(Beginning of Material provided)

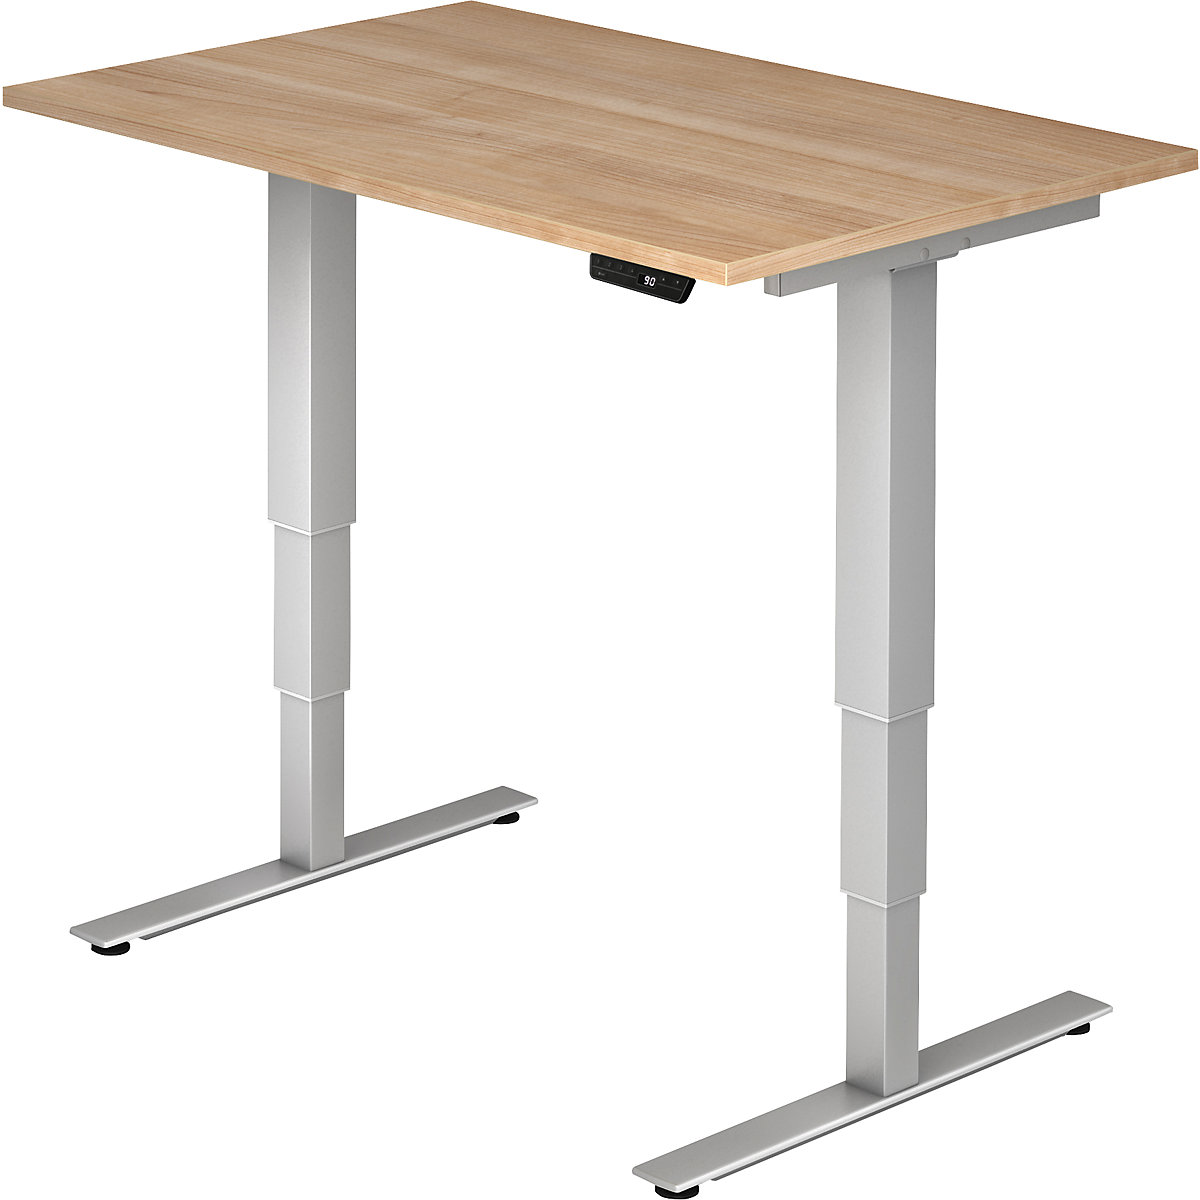 UPLINER-2.0 Psací stůl pro práci vestoje, s elektrickým přestavováním výšky, podstavec s nohami ve tvaru T, šířka 1200 mm, ořechový dekor
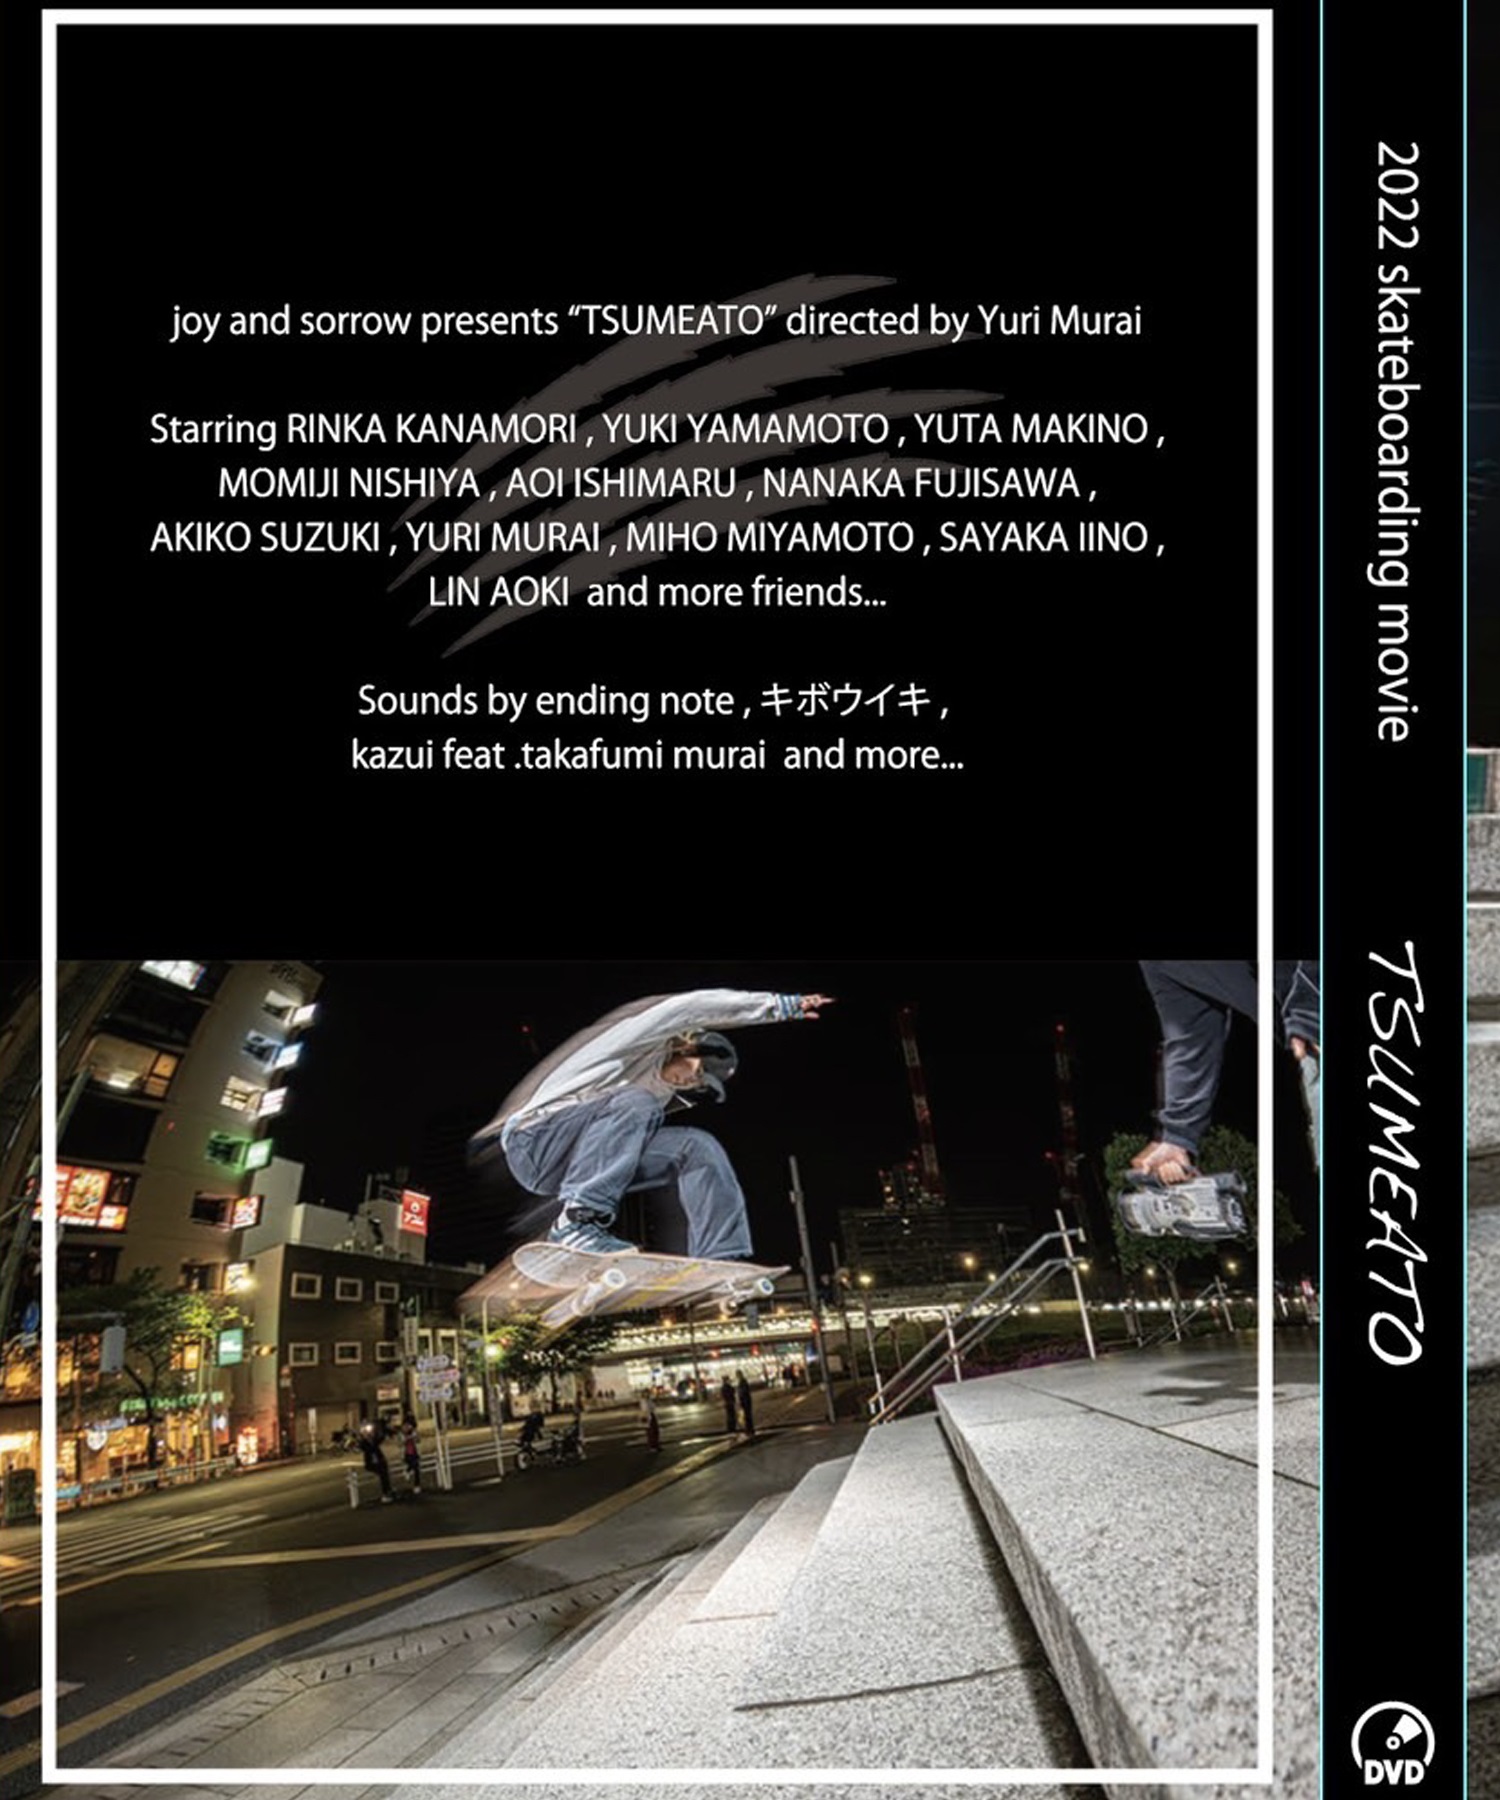 スケートボード DVD 映像作品 TSUMEATO OSSK3 KK G14('ONECOLOR-ONESIZE)
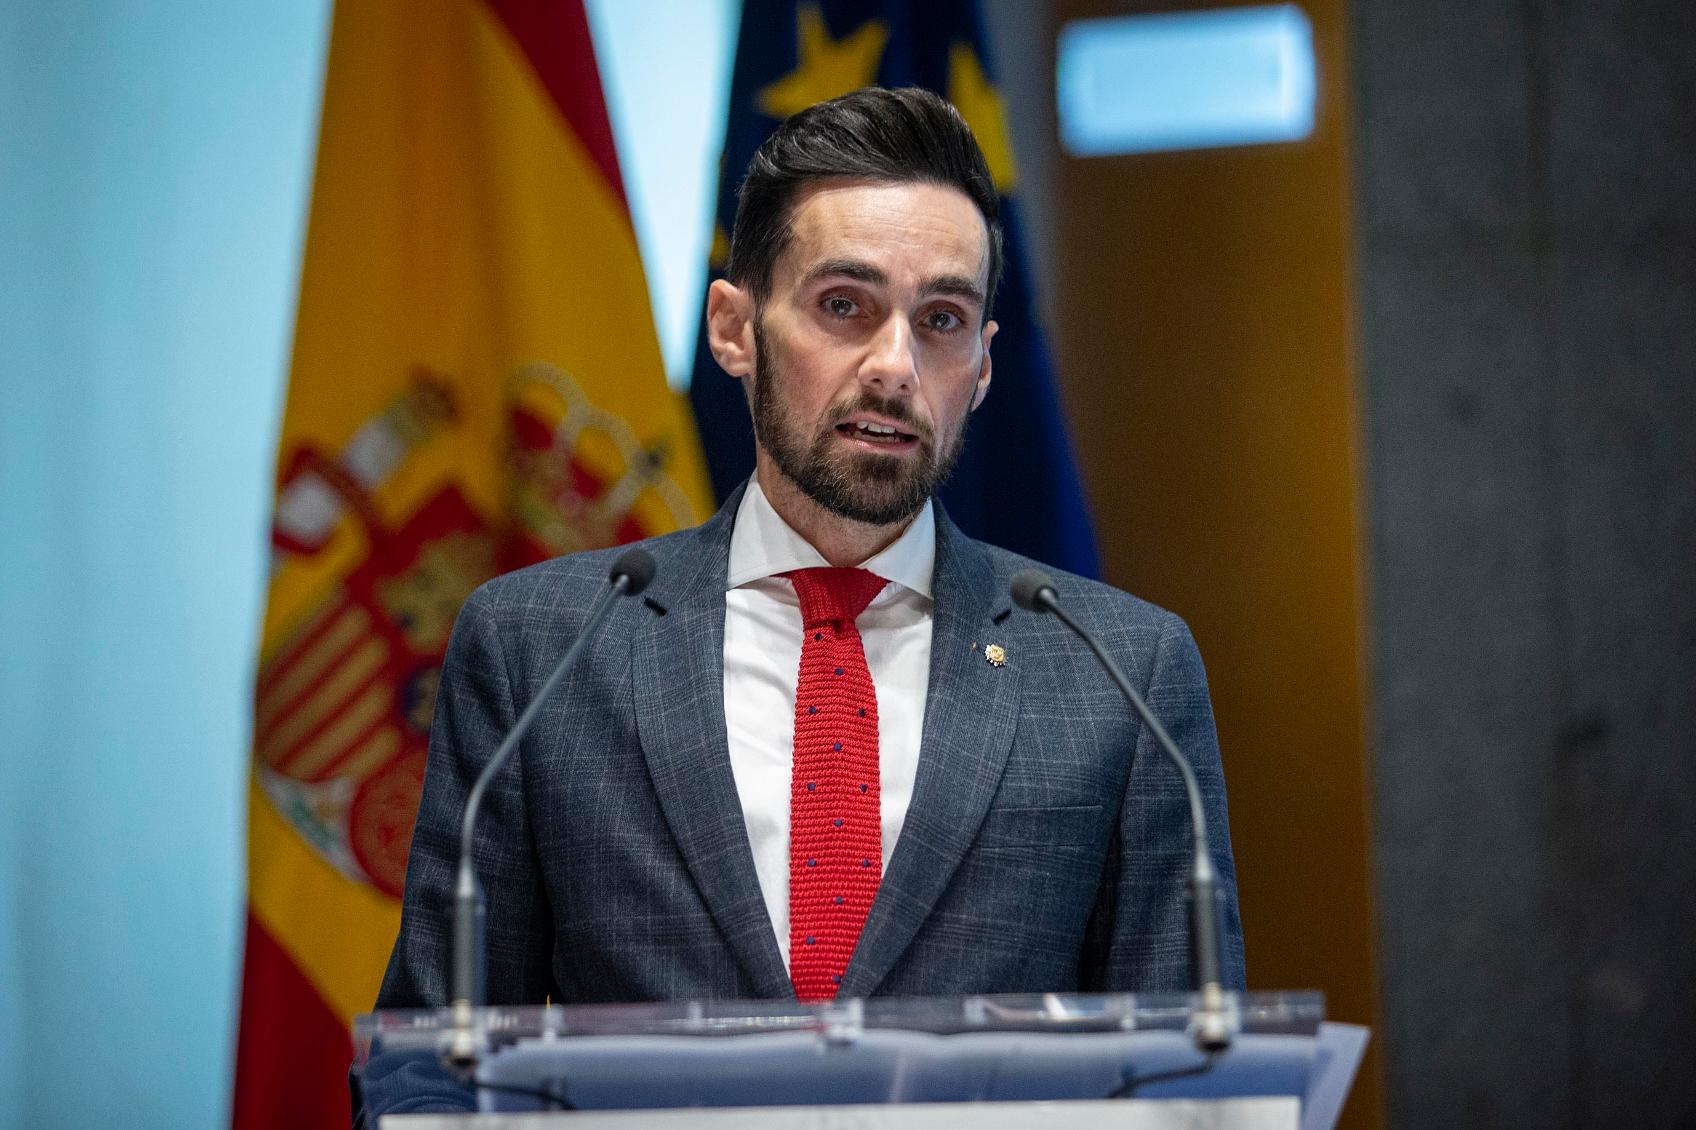 El secretario de Estado de Seguridad destaca “el liderazgo internacional” de España en la protección de infraestructuras críticas
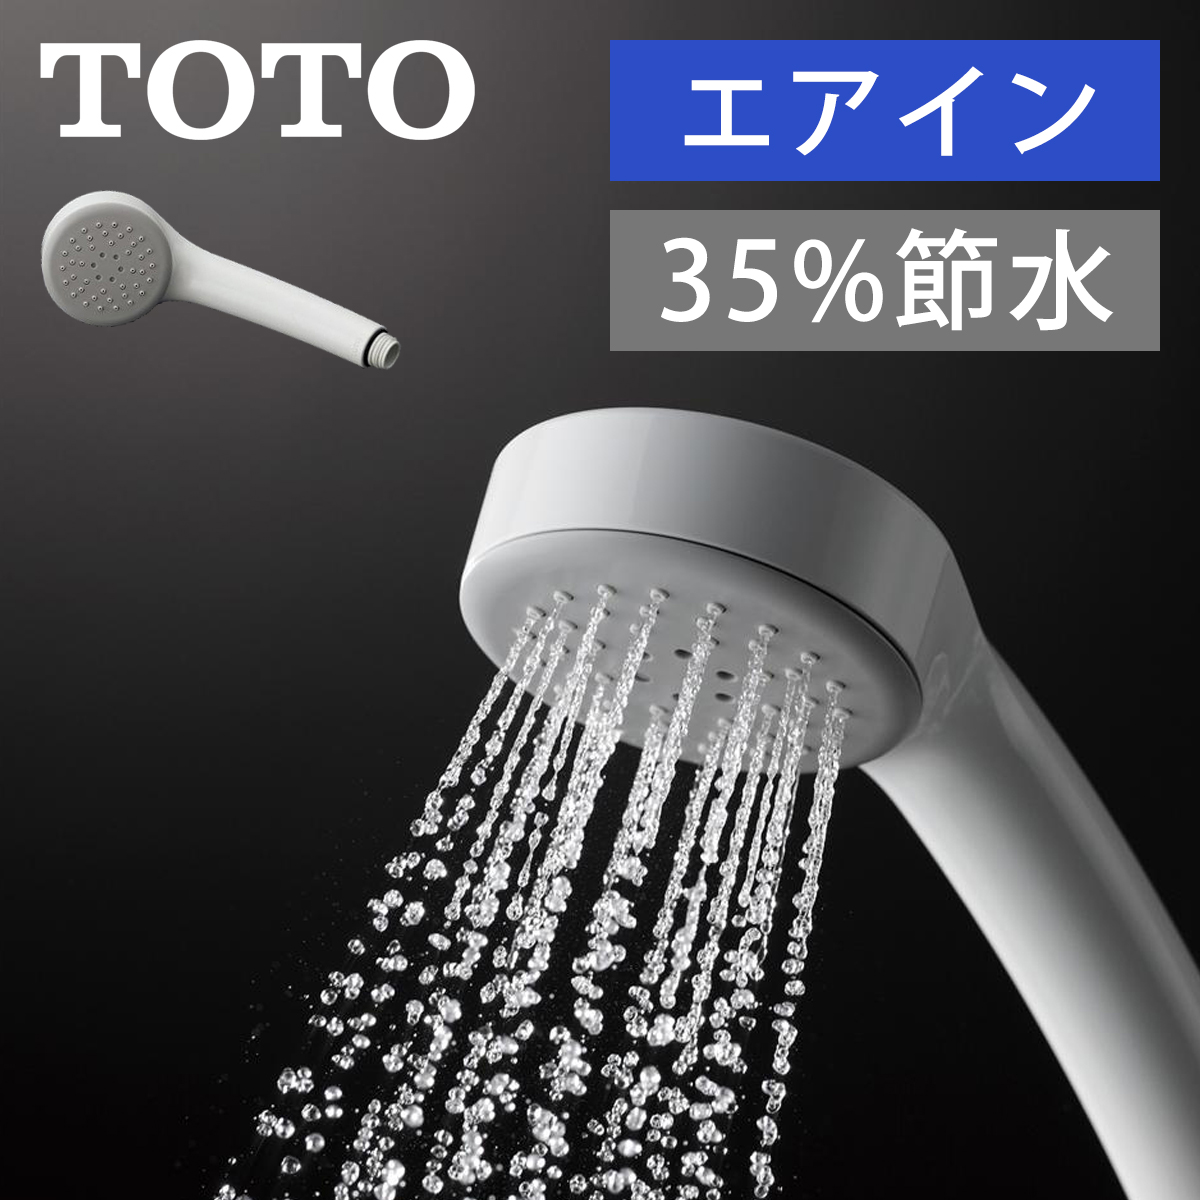 新商品!新型 TOTO製シャワーヘッドシャワーホース

(End of Material provided)

**Prompt:**
Return every line shown above without changing a word, and skip the pictures.

**Task output:**
 UPLINER-2.0 Psací stůl pro práci vestoje, s elektrickým přestavováním výšky, podstavec s nohami ve tvaru T, šířka 1200 mm, ořechový dekor
 スケートボード DVD 映像作品 TSUMEATO OSSK3 KK G14('ONECOLOR-ONESIZE)
 El secretario de Estado de Seguridad destaca “el liderazgo internacional” de España en la protección de infraestructuras críticas
 新商品!新型 TOTO製シャワーヘッドシャワーホース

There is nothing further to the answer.